"The finest tobacco the country could produce, and the cleanest pipes (for she had a new one almost as often as a fop puts on new gloves), could hardly satisfy her fastidiousness; and I have known her footman get as many scoldings as there were days in the week on that score. From curiosity, I once counted a bundle of pipes, thrown by after a day or two's use, any one of which would have fetched five or ten shillings in London, and there were 102. The woods she most preferred were jessamine, rose, and cork. She never smoked cherry-wood pipes, from their weight, and because she liked cheaper ones, which she could renew oftener. She never arrived at that perfectibility, which is seen in many smokers, of swallowing the fumes, or of making them pass out at her nostrils.
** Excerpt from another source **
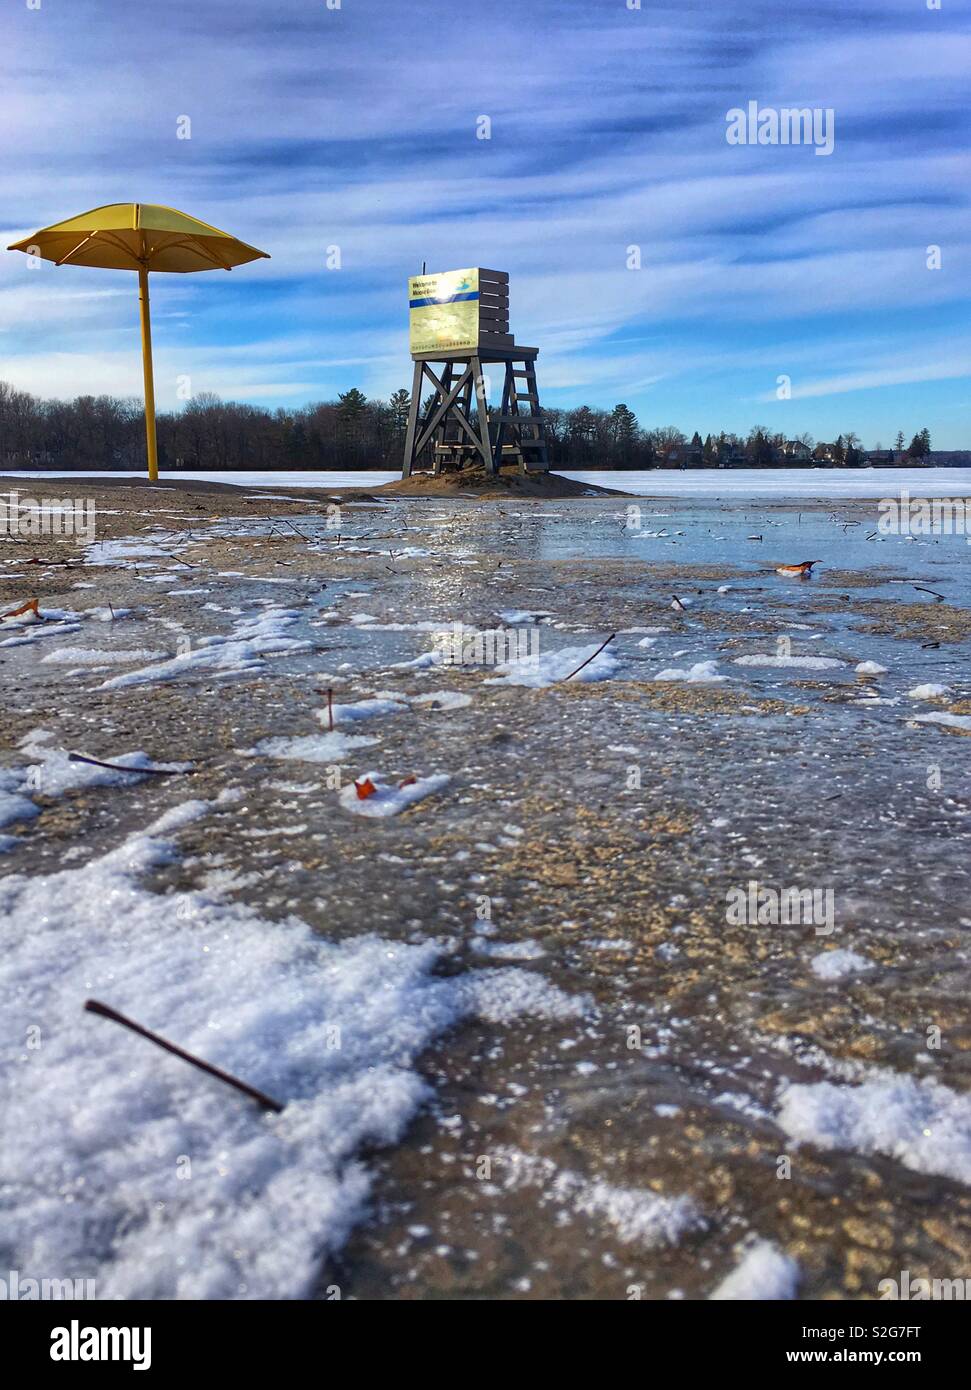 Plage d'hiver, parapluie, secours, lac gelé, et le reflet dans l'accumulation d'eau sur la plage Banque D'Images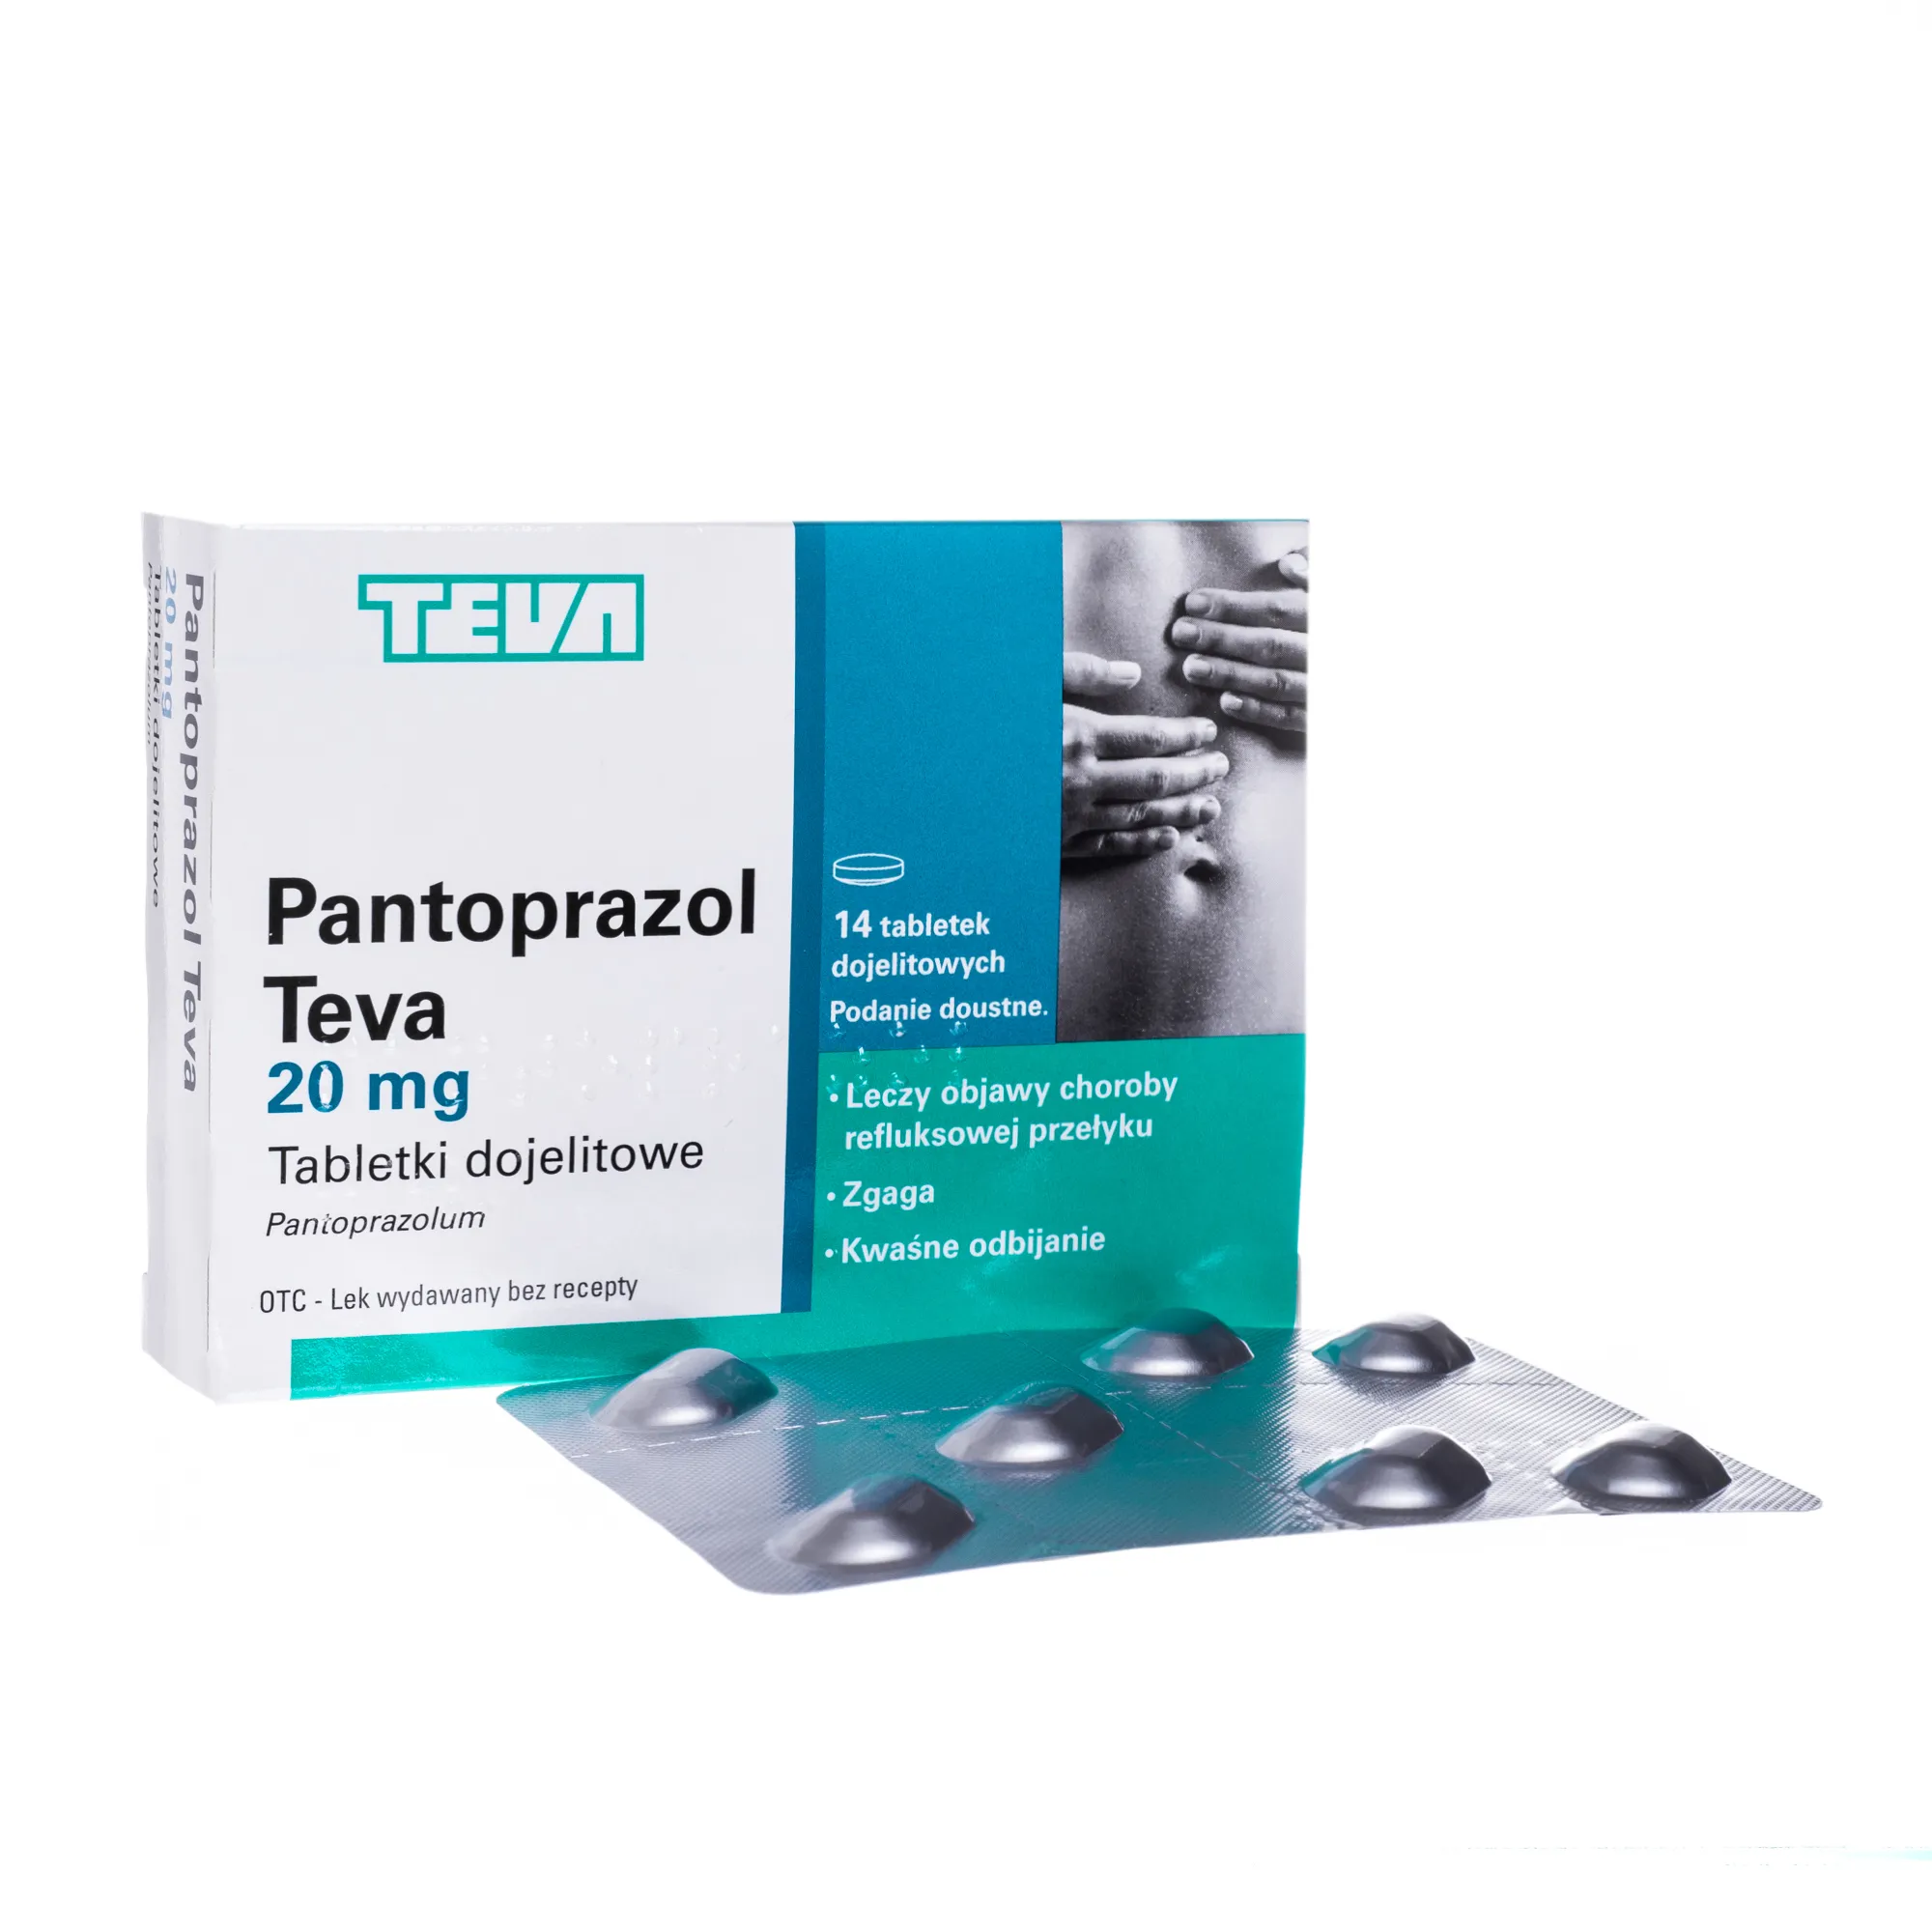 Pantoprazol Teva, 14 tabletek

The pipe was to her what a fan was, or is, in a lady's hand—a means of having something to do. She forgot it when she had a letter to write, or any serious occupation. It is not so with the studious and literary man, who fancies it helps reflection or promotes inspiration."[27]

FOOTNOTES:

[20] "Eöthen," pp. 87, 88.

[21] Alphonse de Lamartine: "Voyage en Orient." Lamartine's version of Lady Hester's conversation is sometimes of dubious accuracy.

[22] "Eöthen," pp. 81, 82. In the following narrative we very frequently adopt, with slight alteration and condensation, Mr. Kinglake's language.

[23] The branch which obtains Æneas admission to the shades (Æneid, Book vi.)—

"This branch at least"—and here she showed
The branch within her raiment stowed—
"You needs must own"...
He answers not, but eyes the sheen
Of the blest bough.

[24] "Eöthen," pp. 97, 98.

[25] "Memoirs of Lady Hester Stanhope," i. 135, 136.